Leave the pictures out and return every line below exactly.

Available data:
━━━━━━━━
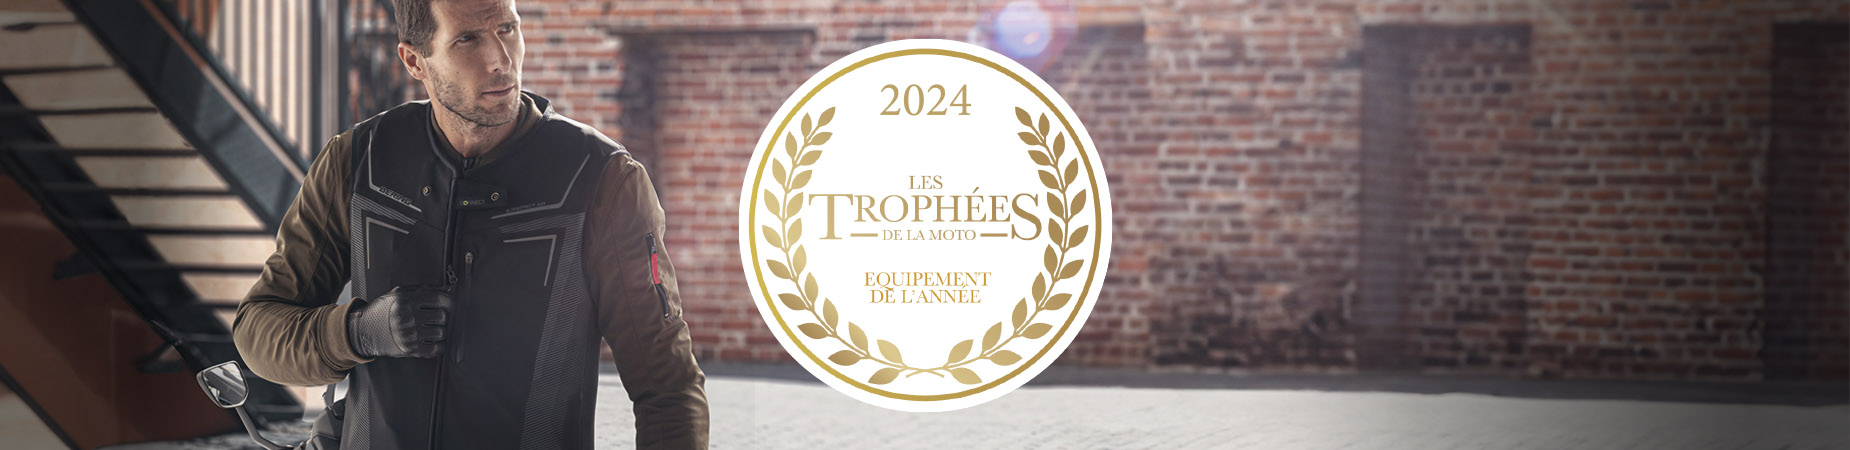 Innovación E-Protect Air equipo del año "Trophées de la Moto 2024" - Bering
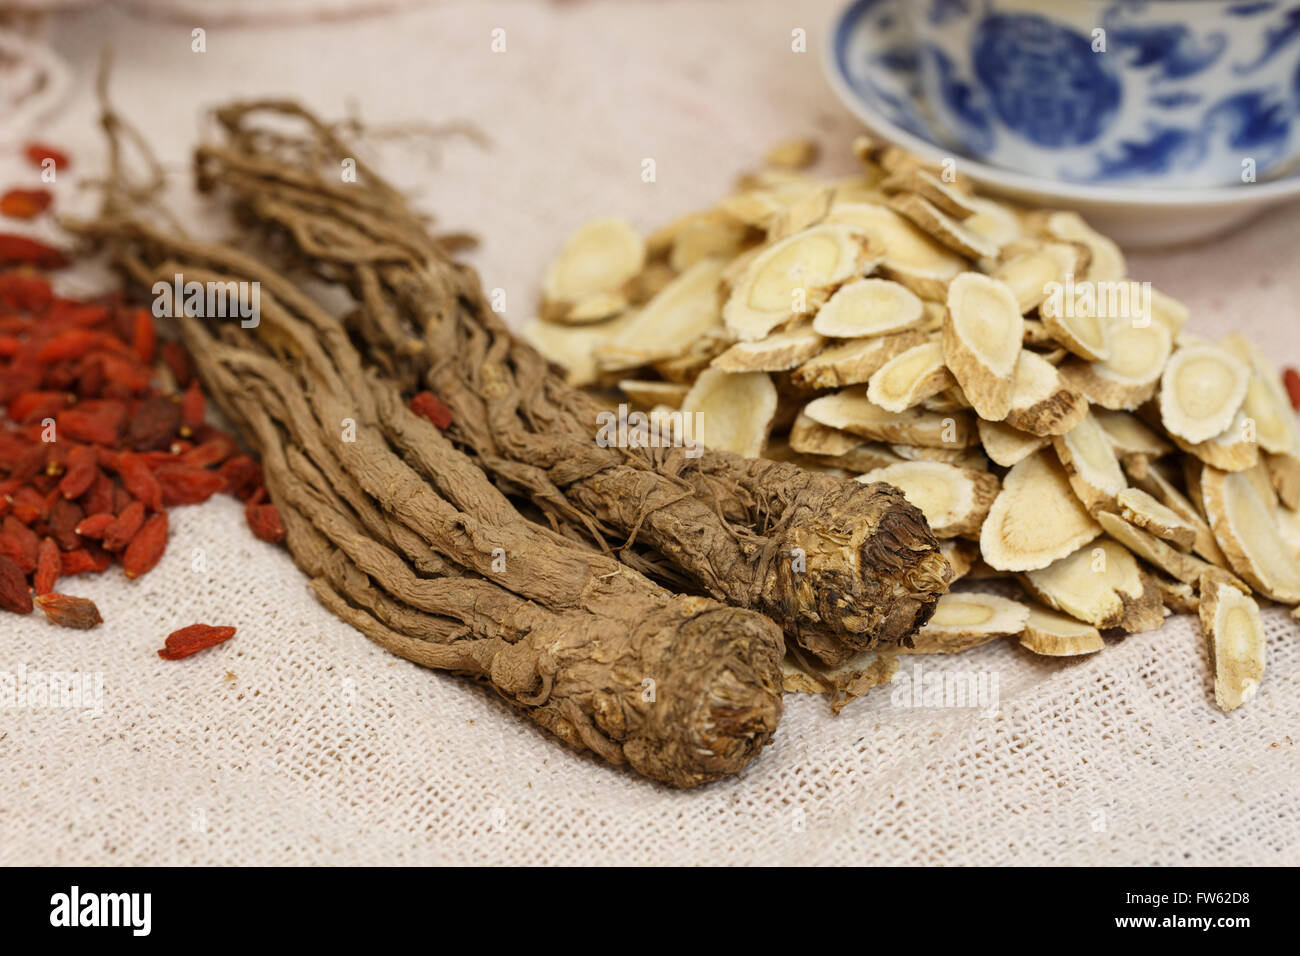 La médecine chinoise， ，herbes nourrissantes toutes sortes d'herbes nourrissantes natures mortes close-up Banque D'Images
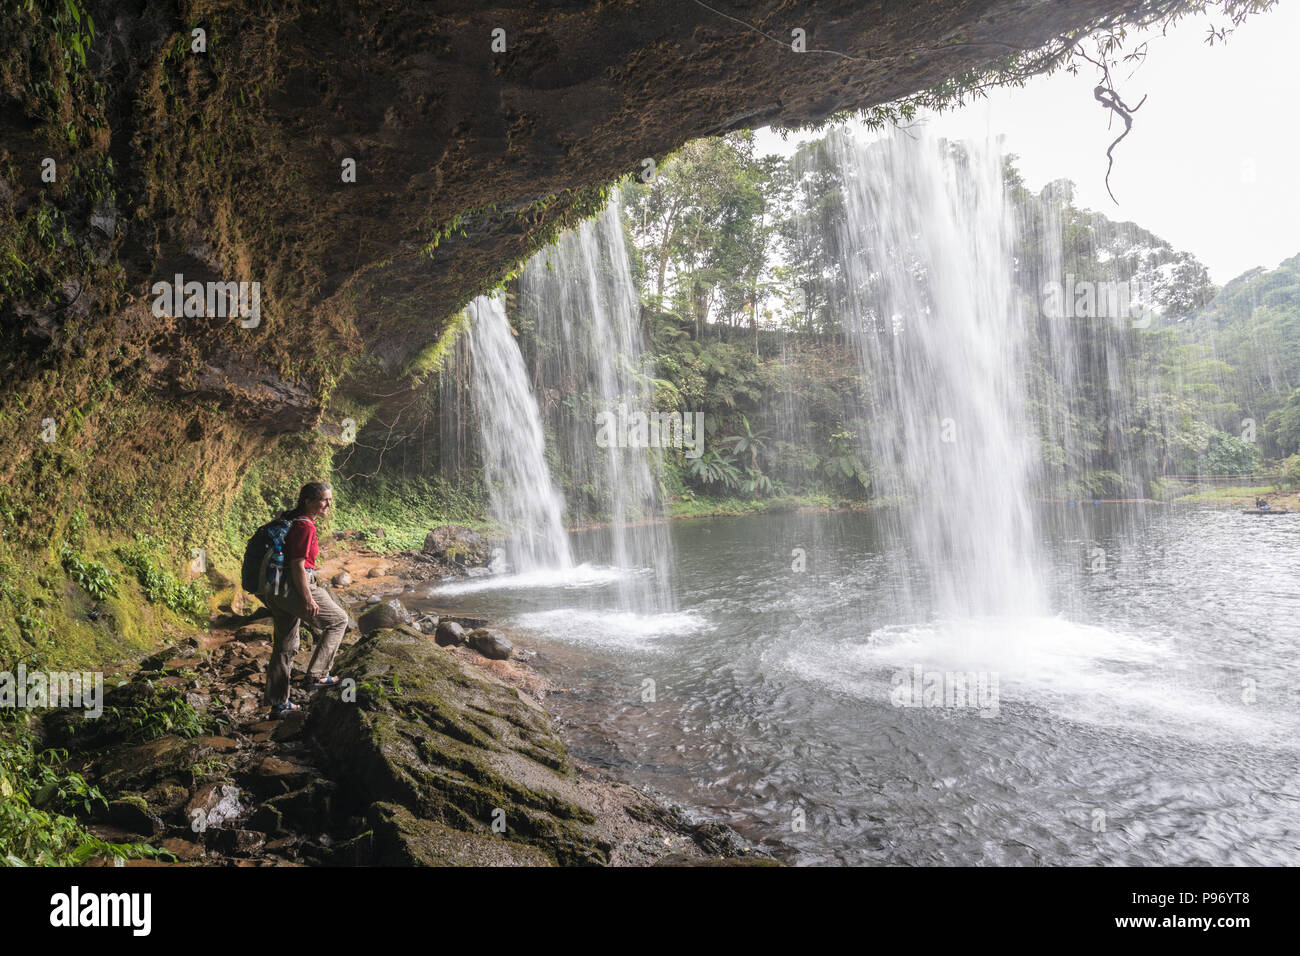 La cascata nel parco naturale, Tham Champy, Paksong, Laos Foto Stock
━━━━━━━━
Response area:
 Innovación E-Protect Air equipo del año "Trophées de la Moto 2024" - Bering
 La médecine chinoise， ，herbes nourrissantes toutes sortes d'herbes nourrissantes natures mortes close-up Banque D'Images
 La cascata nel parco naturale, Tham Champy, Paksong, Laos Foto Stock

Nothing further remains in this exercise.